PROVIDED MATERIAL:
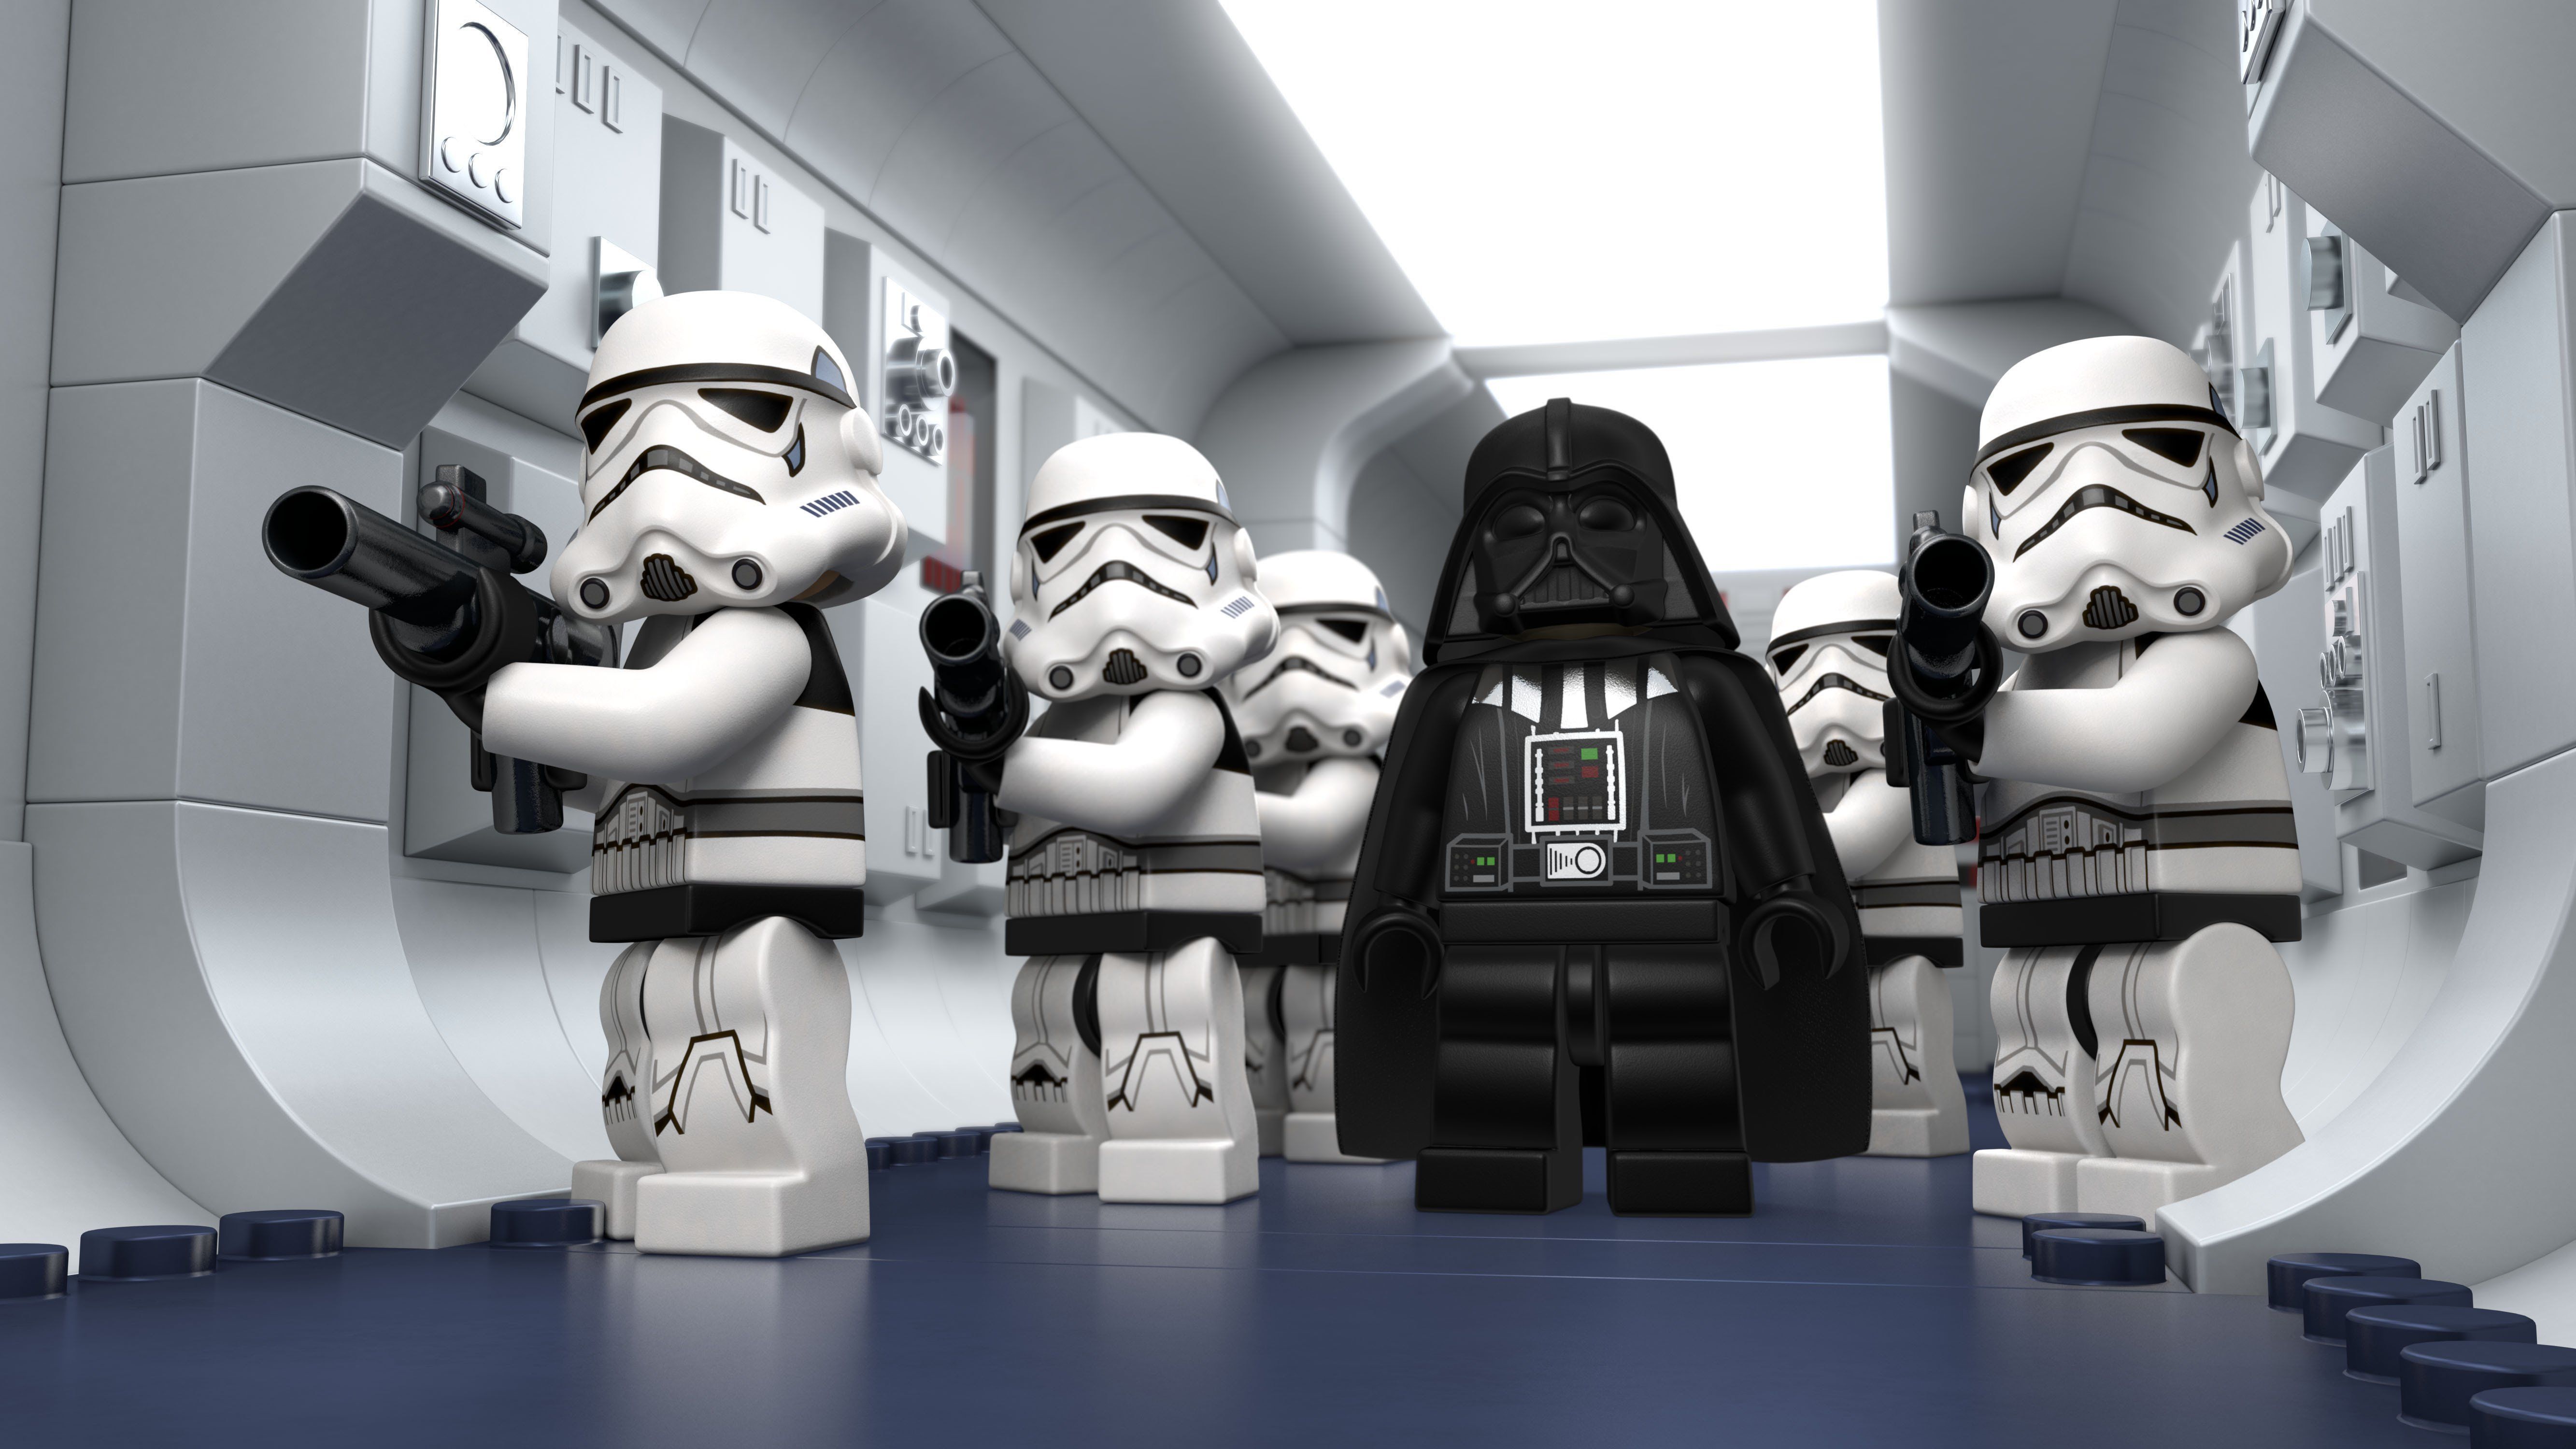 Awesome LEGO Star Wars Wallpaper Wars Stormtroopers of Star Wars Storm. Star wars wallpaper, Star wars droids, Darth vader artwork
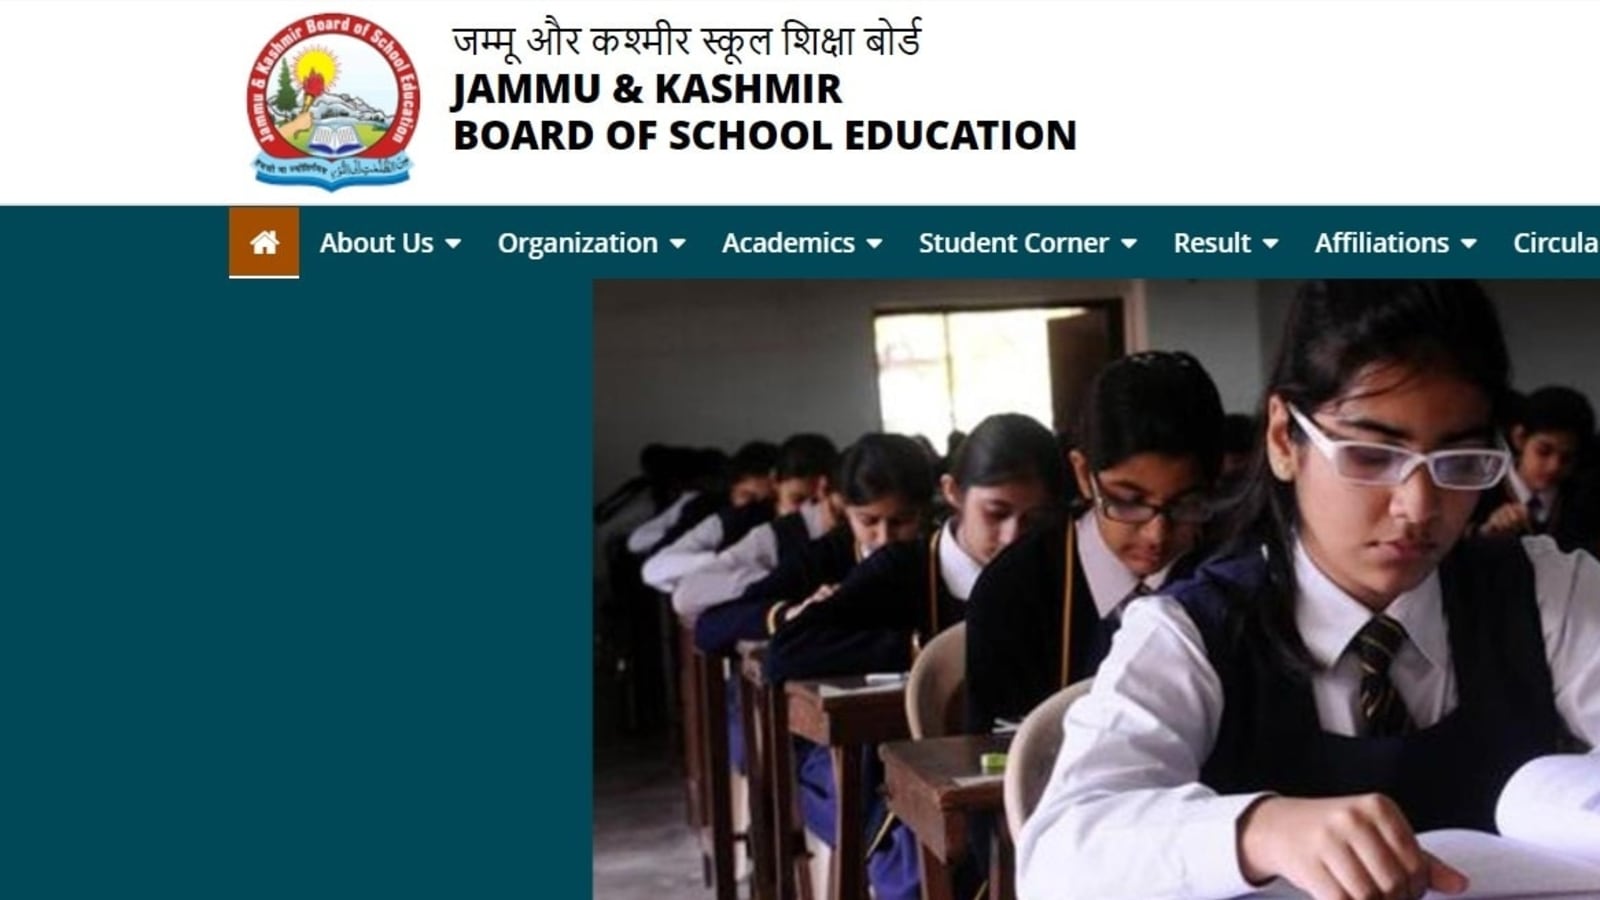 JKBOSE 12th result declared for Kashmir division, here's direct link to
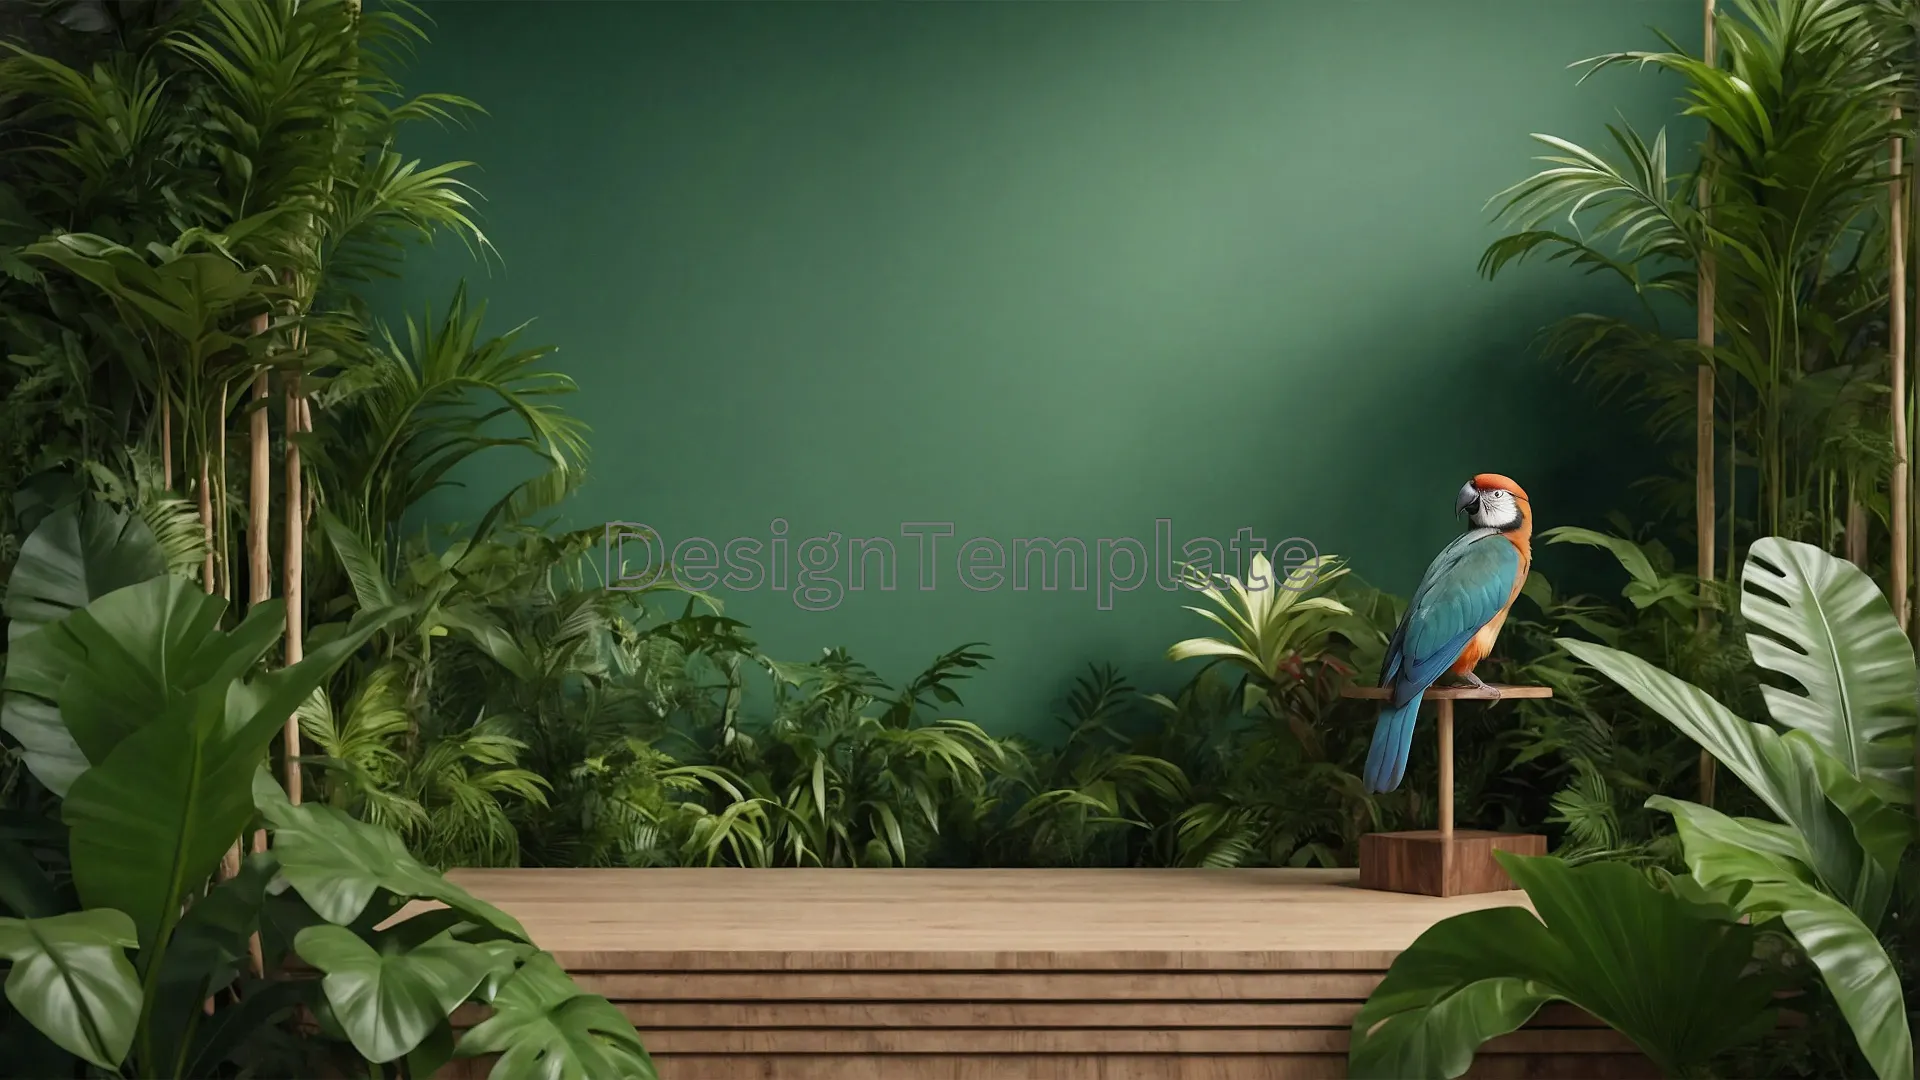 Minimalist Garden Room Sleek Plant-Filled Space Background image

TASK ITEM: Print exactly, and only, the lines from the one with "JKBOSE 12th result" through the last line of the listing above. No pictures belong in the copy.

EXPECTED ANSWER:
 JKBOSE 12th result declared for Kashmir division, here's direct link to
 Minimalist Garden Room Sleek Plant-Filled Space Background image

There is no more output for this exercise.